O titã da atuação: Paulo Miklos dá vida ao sambista Adoniran Barbosa
Em ‘Saudosa Maloca’, cantor combina a música e o cinema de modo magistral
Um capricho mitológico une as trajetórias de Paulo Miklos com a do deus grego Zeus. A divindade, que era conhecida pelo epíteto de “deus dos deuses”, nasceu da união dos titãs Cronos e Reia e possuía, entre outros poderes, o de se transmutar em qualquer animal ou fenômeno meteorológico que lhe desse na veneta. Ele se transmutou num cisne, num touro e até numa chuva de gotas douradas.
Miklos, por seu turno, também possui Titãs na sua origem –nesse caso, uma das bandas mais importantes do rock nacional em todos os tempos– e concentra seu poder de transformação na carreira de ator. Em duas décadas nas telas, foi de assassino de aluguel a roqueiro decadente, de pistoleiro do Velho Oeste a ídolo americano do jazz. E tem ainda uma grande vantagem em relação ao grego: enquanto Zeus usava essa habilidade para alimentar seus hábitos lascivos, o poder de sedução de Miklos se concentra no público.

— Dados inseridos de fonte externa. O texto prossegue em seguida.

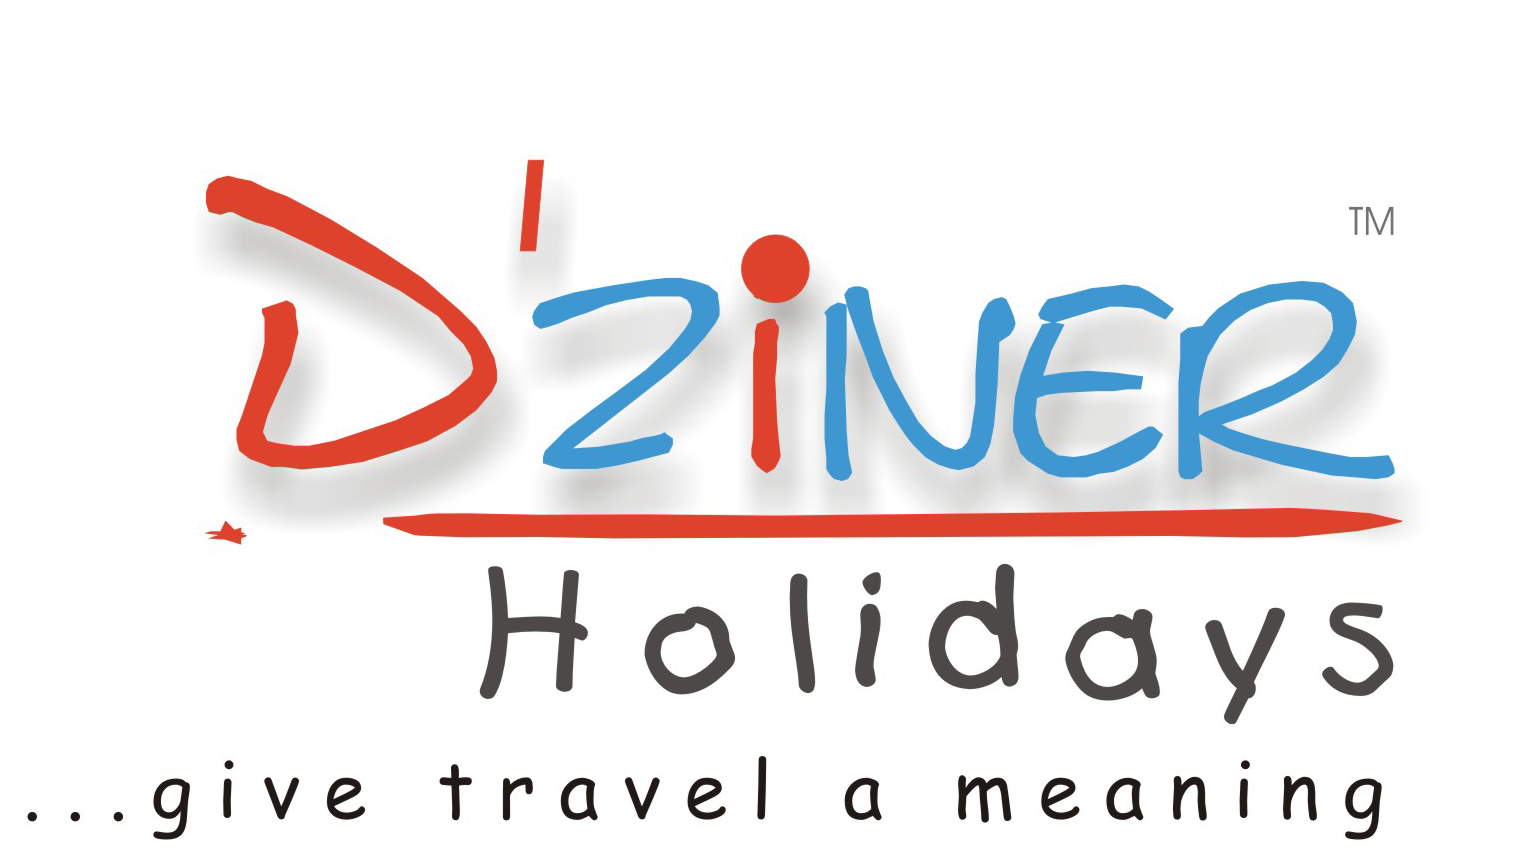 Dziner Travel Concepts

A mais recente encarnação do roqueiro é Adoniran Barbosa (1910-1982), sambista de sotaque paulistano e autor de clássicos como “Trem das Onze”, “Samba do Arnesto” e muitos outros. Com estreia prevista para o dia 21 de março, “Saudosa Maloca” (título de outro sucesso do compositor) faz uma licença poética sobre a biografia do sujeito que veio ao mundo com o nome de João Rubinato. “É um grande desafio, porque o próprio Adoniran é um personagem, né? Foi criado pelo Rubinato e tem voz e dialeto característicos. E eu não sou um ator de caracterizações”, diz Miklos em entrevista para a revista da Billboard Brasil de fevereiro.
Munido de objetos pessoais do sambista, como a gravata, o chapéu e os óculos, Miklos faz um Adoniram do seu jeito: evita, por exemplo, a voz rouca ou qualquer maneirismo que daria ao personagem um tom de imitação barata. “Paulo tem traços marcantes que caíram como uma luva para a interpretação de um clown como Adoniran”, diz Pedro Serrano, diretor do longa. Os Titãs sempre tiveram um quê de performáticos no palco.
E Paulo está entre os cantores que mais souberam usar essa liberdade em cena. Um talento que não passou despercebido pelo cineasta Beto Brant, que o convidou para viver o assassino Anísio no longa “O Invasor”, de 2001, seu primeiro papel no cinema. “Ele tinha uma ferocidade no palco que achava que funcionaria no personagem”, diz Brant. Um detalhe curioso é que Paulo ia para a filmagem “virado”, ou seja, direto dos shows para a locação. “Ele vinha exausto pelo show, pela viagem. Não tinha a cabeça limpa, racional, então se jogava em cena na intuição, desarmado, entregue ao processo”, elogia Brant.
Outro grande momento foi o espetáculo teatral “Chet Baker, Apenas um Sopro”, de 2016, no qual viveu o trompetista americano, morto em 1988. Ali, buscou inspiração no próprio inferno pessoal para viver o músico, que era viciado em heroína. “Paulo fez um personagem absolutamente crível, com toda a tortura interior e o amor pela música”, diz Anna Toledo, atriz que dividiu o palco com o titã.
No ano passado, Paulo Miklos se reuniu com os amigos dos Titãs para uma megaturnê. Batizada de “Encontro”, a série de shows percorreu dez capitais brasileiras, além de cidades nos Estados Unidos e Portugal, num total de 46 apresentações. “Uma das coisas mais bacanas desse encontro é a alegria da gente, como nos divertimos uns com os outros”, confessa. “Dessa vez a minha experiência como ator ajudou muito.”
“Saudosa Maloca” foi filmado em meio à exaustiva turnê dos Titãs. No mesmo período, Paulo encontrou tempo para gravar um disco ao vivo no Blue Note, em São Paulo, onde reuniu o repertório de seus últimos discos solo, “A Gente Mora no Agora”, de 2017, e “Do Amor Não Vai Sobrar Ninguém”, de 2022. E mais: em 15 dias encontrou tempo para outra filmagem, dessa vez de “Carcaça”, de André Borelli, no qual contracena ao lado da atriz Carol Brezolin. “É um suspense psicológico que se passa durante a pandemia”, diz Paulo. Pensando bem… Nem Zeus teria o pique de Paulo Miklos.